Energy-Scaled Zero-Noise Extrapolation for Gottesman-Kitaev-Preskill Code
Gui-Zhong Luo, Matthew Otten
TL;DR
This work tackles the finite-energy limitation of Gottesman-Kitaev-Preskill (GKP) codes in bosonic qubits by introducing Energy-Scaled Zero-Noise Extrapolation (ES-ZNE), which uses the mean photon number $\bar{n}$ as a tunable noise knob and extrapolates measurements to the infinite-energy limit using a power-law model. Through numerical simulations of a GKP qubit under a pure-loss channel with Petz recovery, ES-ZNE mitigates finite-energy errors and reveals the intrinsic performance of the ideal GKP code, including a threshold at $x_{\text{crit}} \approx 0.4055$ beyond which correction deteriorates.

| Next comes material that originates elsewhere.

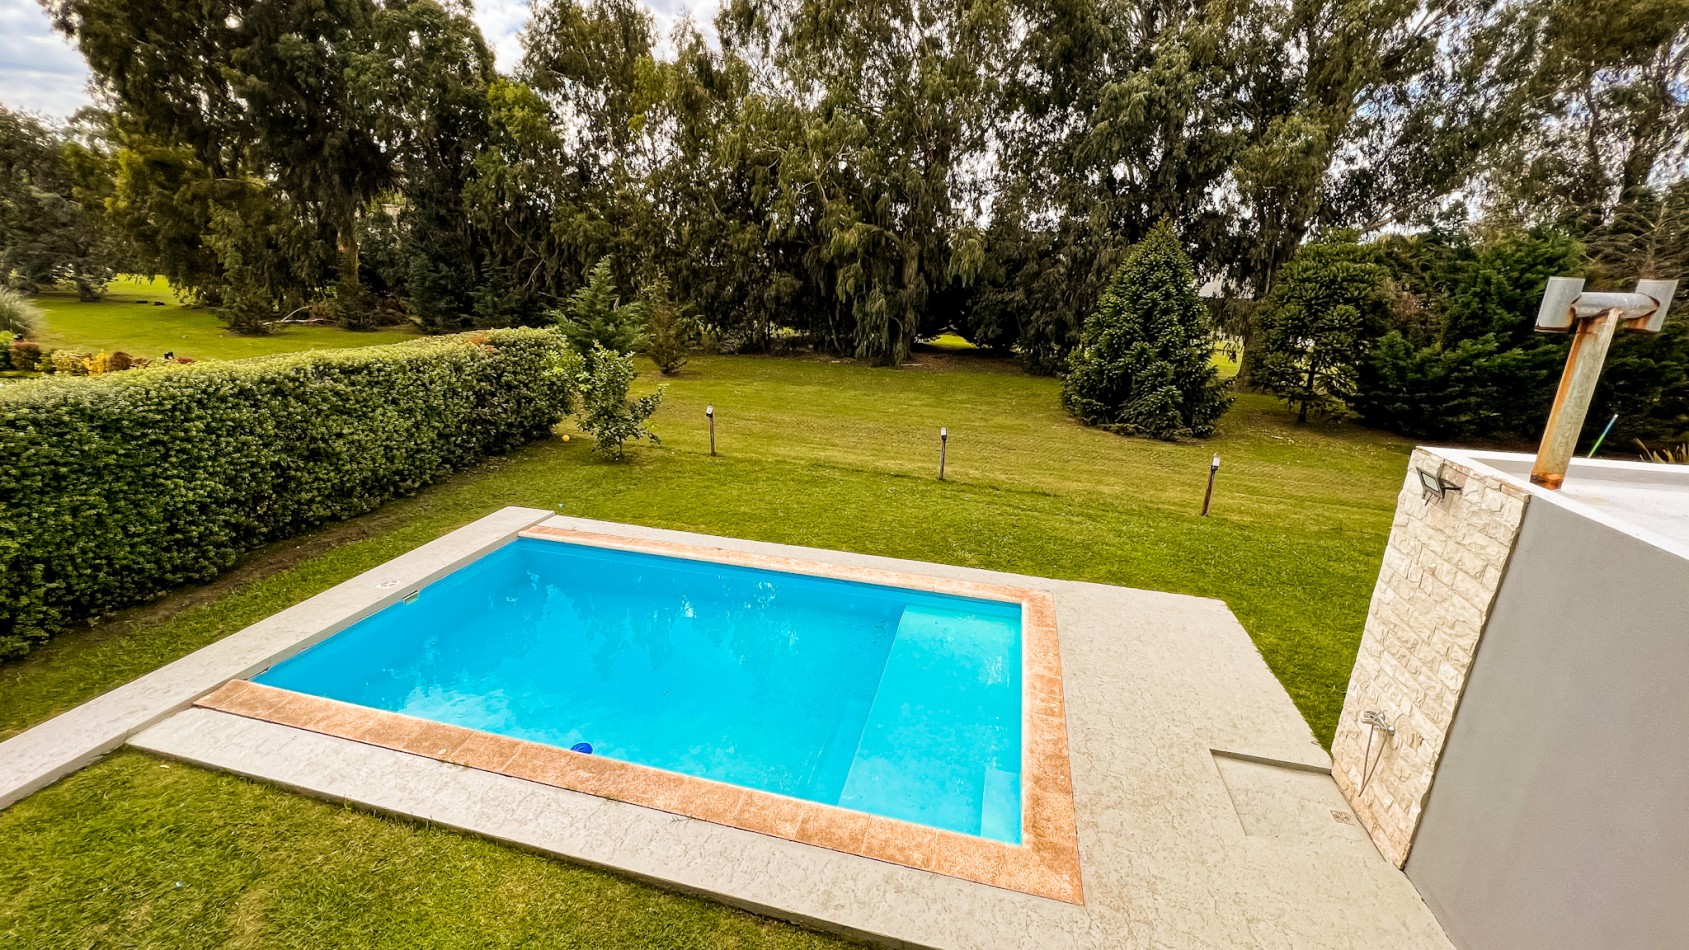 Venta Casa 4 ambientes Rumenco con piscina climatizada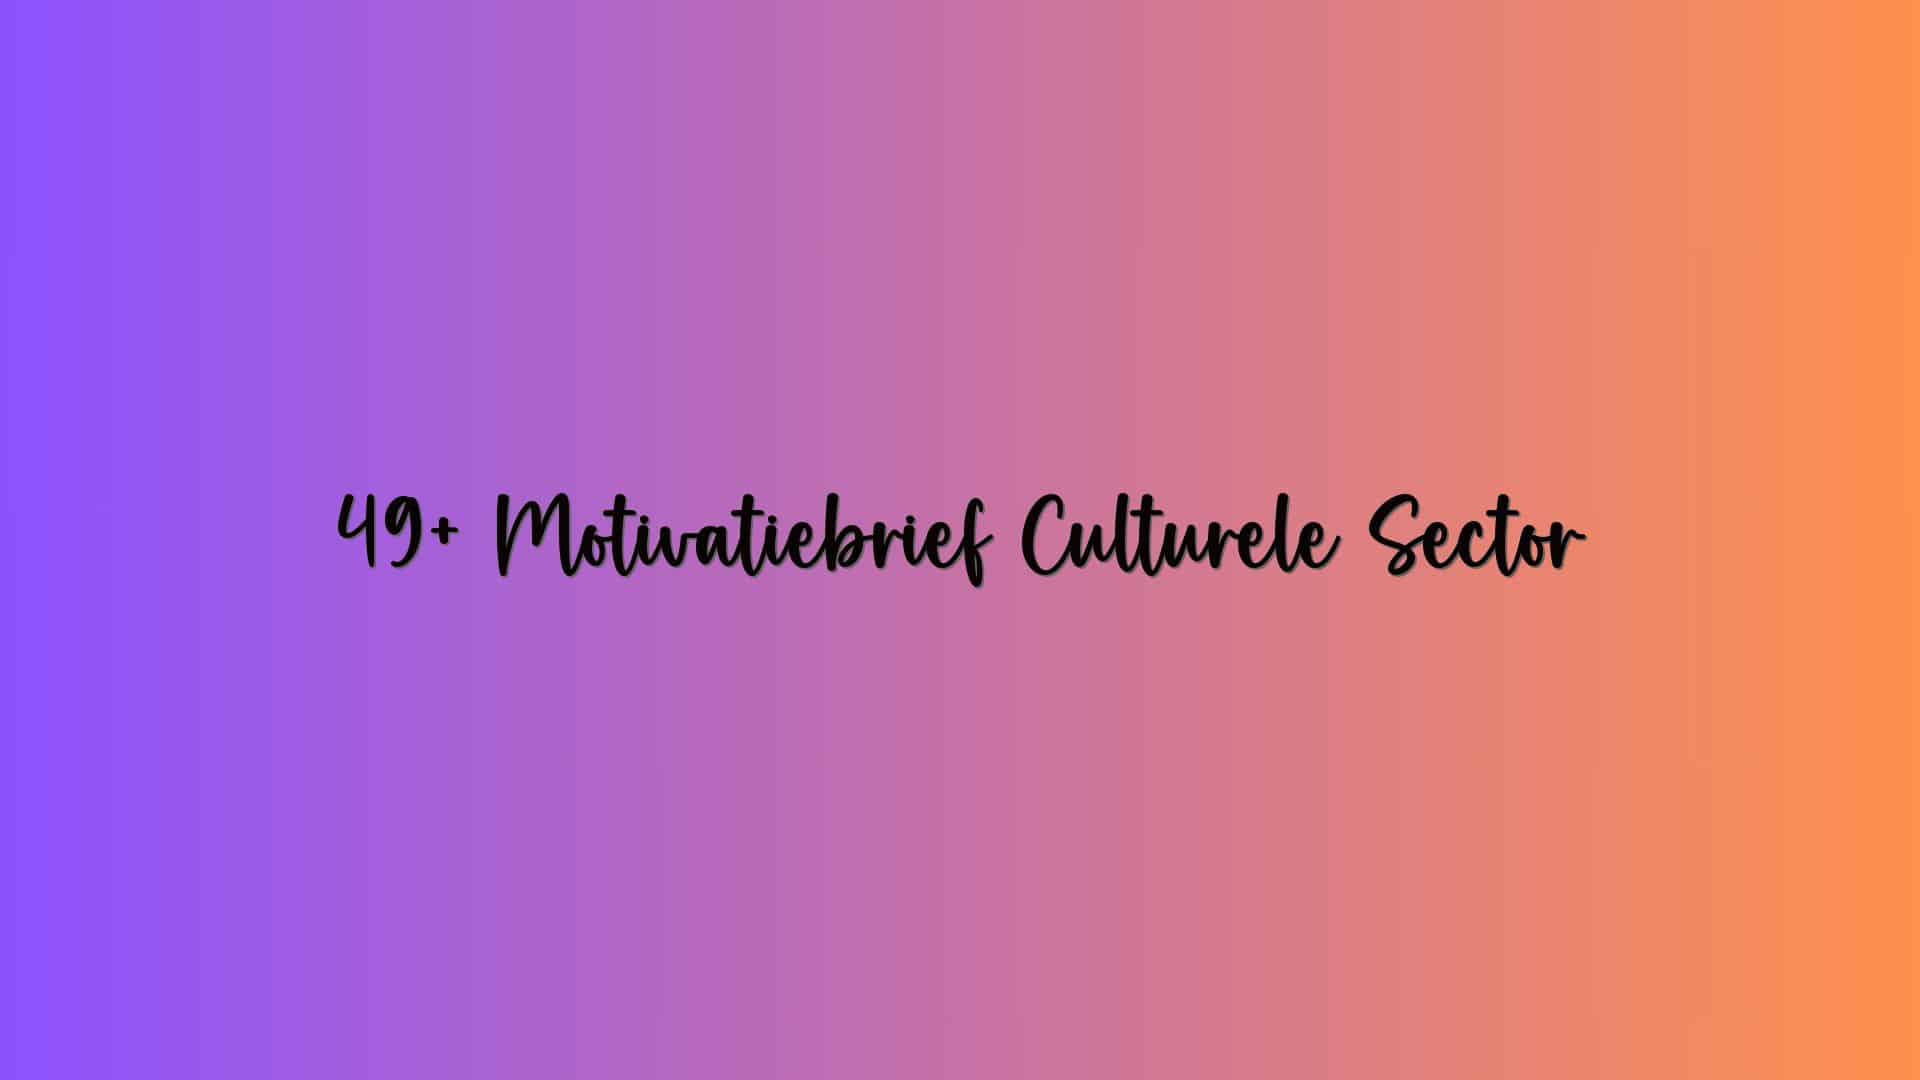 49+ Motivatiebrief Culturele Sector

The approach is extended to two qubits with independent noise, showing reliable extrapolations for entangled and random states and quantifying computational gains via energy-cutoff requirements. ES-ZNE offers a practical, software-based route to enhance near-term bosonic quantum processors by trading sampling overhead for reduced physical resource needs like high squeezing. Overall, the method isolates finite-energy artifacts from fundamental code performance and aligns with theoretical capacity bounds for pure-loss channels.
Abstract
The performance of Gottesman-Kitaev-Preskill (GKP) codes, an approach to hardware-efficient quantum error correction, is limited by the finite squeezing capabilities of current experimental platforms. To circumvent this hardware demand, we introduce Energy-Scaled Zero-Noise Extrapolation (ES-ZNE), a quantum error mitigation protocol that uses the mean photon number of the GKP code as a tunable effective noise parameter. The protocol measures logical observables at a series of accessible finite energies and extrapolates the results to the ideal, infinite-energy limit using an ansatz based on the code's asymptotic error scaling. Through simulating a GKP qubit under a pure-loss channel, we demonstrate that ES-ZNE successfully mitigates finite-energy errors, recovering the ideal expectation values (within numerical uncertainty) in the shallow-noise regime. Furthermore, by computationally removing artifacts arising from the finite-energy encoding, our method characterizes the intrinsic performance of the ideal GKP code, revealing a sharp error threshold beyond which the code's corrective power diminishes. These results establish ES-ZNE as a practical, software-based strategy for enhancing the performance of near-term bosonic quantum processors, trading sampling overhead for demanding physical resources like high squeezing.